La calma
de fin de campañas // Arroz Tabasco parece cocido // Meade o Anaya, ¿declinar? // Riesgo procesal y contable
odo pareciera estar decidido en cuanto al principal cargo en contienda. Nada sustancial ha cambiado respecto de las intenciones de voto, según la gran mayoría de las encuestas disponibles. Andrés Manuel López Obrador sigue en campaña, como si él fuera el rezagado. Sus declaraciones tienen la máxima difusión y continúa fijando la agenda política. José Antonio Meade y Ricardo Anaya cumplen el ritual en segundo plano, sin generar expectativas razonables de que su suerte vaya a cambiar.
Difícilmente alguien habría supuesto que a estas alturas fuera visible, en lo general, un escenario electoral tan tranquilo en cuanto a la pelea por la Presidencia de la República (no hay tal sosiego en otros campos de batalla: nunca se habían producido tantas muertes y agresiones contra aspirantes a cargos públicos).

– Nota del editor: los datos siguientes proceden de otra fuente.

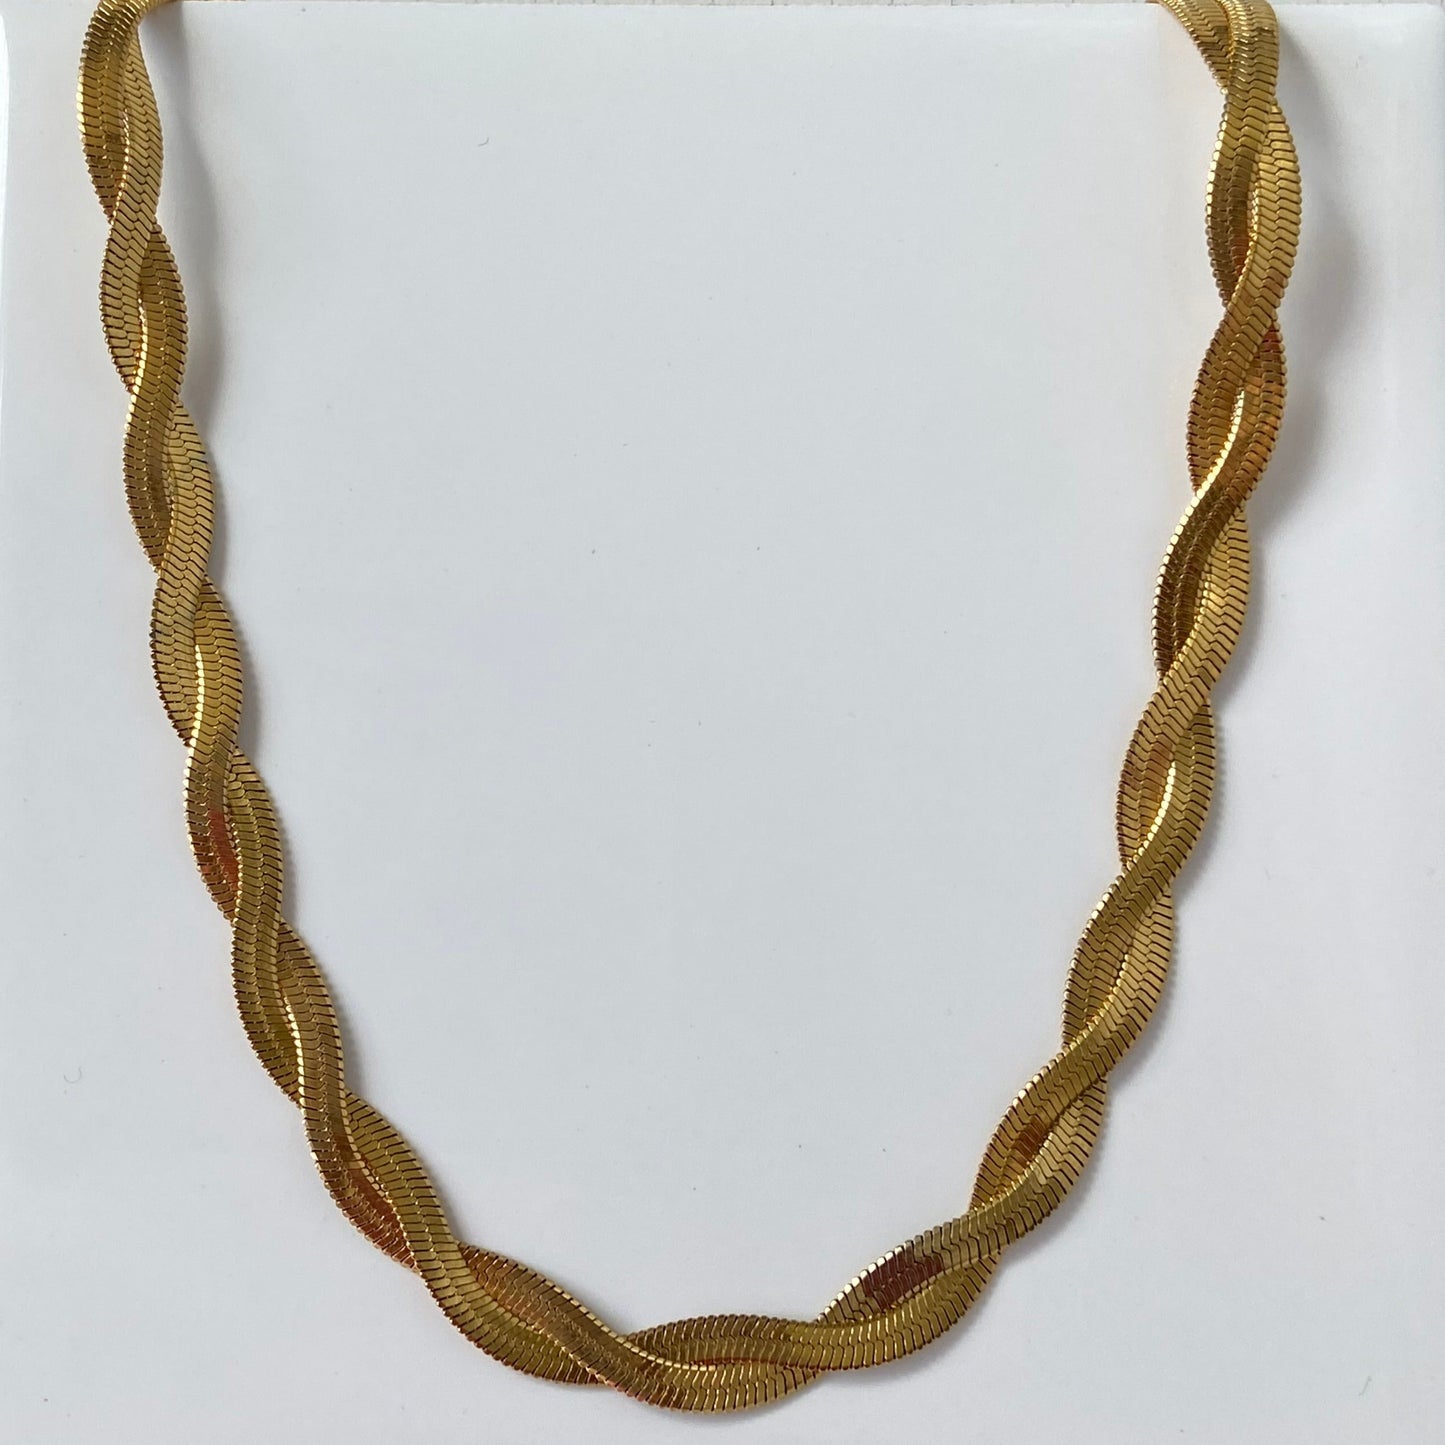 Twisted Necklace

Cierto es que la compra del voto es fuerte y descarada y que la violencia está disponible como recurso de última hora, pero en el plano amplio pareciera haberse estabilizado la convicción o la aceptación de que el triunfo de López Obrador es inevitable, que este arroz presidencial ya se coció.
Sin embargo, López Obrador dijo ayer en Querétaro que le ha llegado información de que Carlos Salinas de Gortari y Diego Fernández de Cevallos (sus villanos favoritos, aunque ayer a ambos les ofreció su mano franca y la promesa de que no habrá venganzas) aún insisten en promover una candidatura única contra el abanderado de Morena. Es probable que ni así lograra el candidato superviviente alcanzar al tabasqueño. Podría resultar incluso contraproducente, a causa de las burlas de quienes vieran esa declinación (de Anaya hacia Meade o al revés) como un hecho desesperado y vergonzoso, además de insuficiente.
Un acuerdo político de declinación ya no tendría efectos jurídicos. Es decir, no se sumarían los votos de uno en favor del otro. Sería, en dado caso, una declinación de facto, con manejo propagandístico y mediático. Pero sí podría generar (en caso de darse ese acuerdo) confusión y eventual desaseo en el proceso de votación, el llenado de actas y su manejo y el suministro oficial de los primeros resultados, los que impactan en la percepción colectiva.
La confusión y el desaseo pueden ser ingredientes de mucha importancia si los presuntos derrotados del domingo (ya sea que vayan por separado o se hubiera producido la unificación de la que habló AMLO) optan por un fraude electoral mayúsculo o, incluso, buscan que los comicios sean anulados. Hay suficientes indicios de un fraude electoral en curso, con filas de ciudadanos recibiendo dinero en efectivo del Partido Revolucionario Institucional y con el aparato asistencial gubernamental dedicado al reparto condicionado de beneficios a grupos sociales susceptibles de manipulación electoral.
A eso hay que agregar los problemas que tiene el Instituto Nacional Electoral (INE), aunque sus directivos se esmeren, como sucede en el ámbito político, en presentar una visión positiva. Hay regiones enteras donde el crimen organizado ejerce un control aplastante (no como un ente de mando y políticas únicas; hay muchos bandos y divisiones, pero siempre tienen, todos, relación con funcionarios públicos y políticos), que pone o quita candidatos a su gusto, financia las campañas que le satisfacen y acepta o rechaza el cumplimiento de las tareas de organización electoral.
Además, el INE ha tenido que habilitar atajos para cumplir a tiempo con el conteo rápido de votos y, en esas prisas, se correrá el riesgo de errores impugnables judicialmente. Ayer se informó que el programa de resultados preliminares se tardará más de lo previsto, lo cual podría ensanchar el rango de sospechas sobre los desenlaces de la jornada electoral. Y el número de boletas a manejar y los criterios para el llenado de actas podrían causar tropiezos y errores. Así que hay razones para preguntarse si la calma
actual de las campañas puede trocarse en tempestad procesal y numérica después del cierre de las votaciones.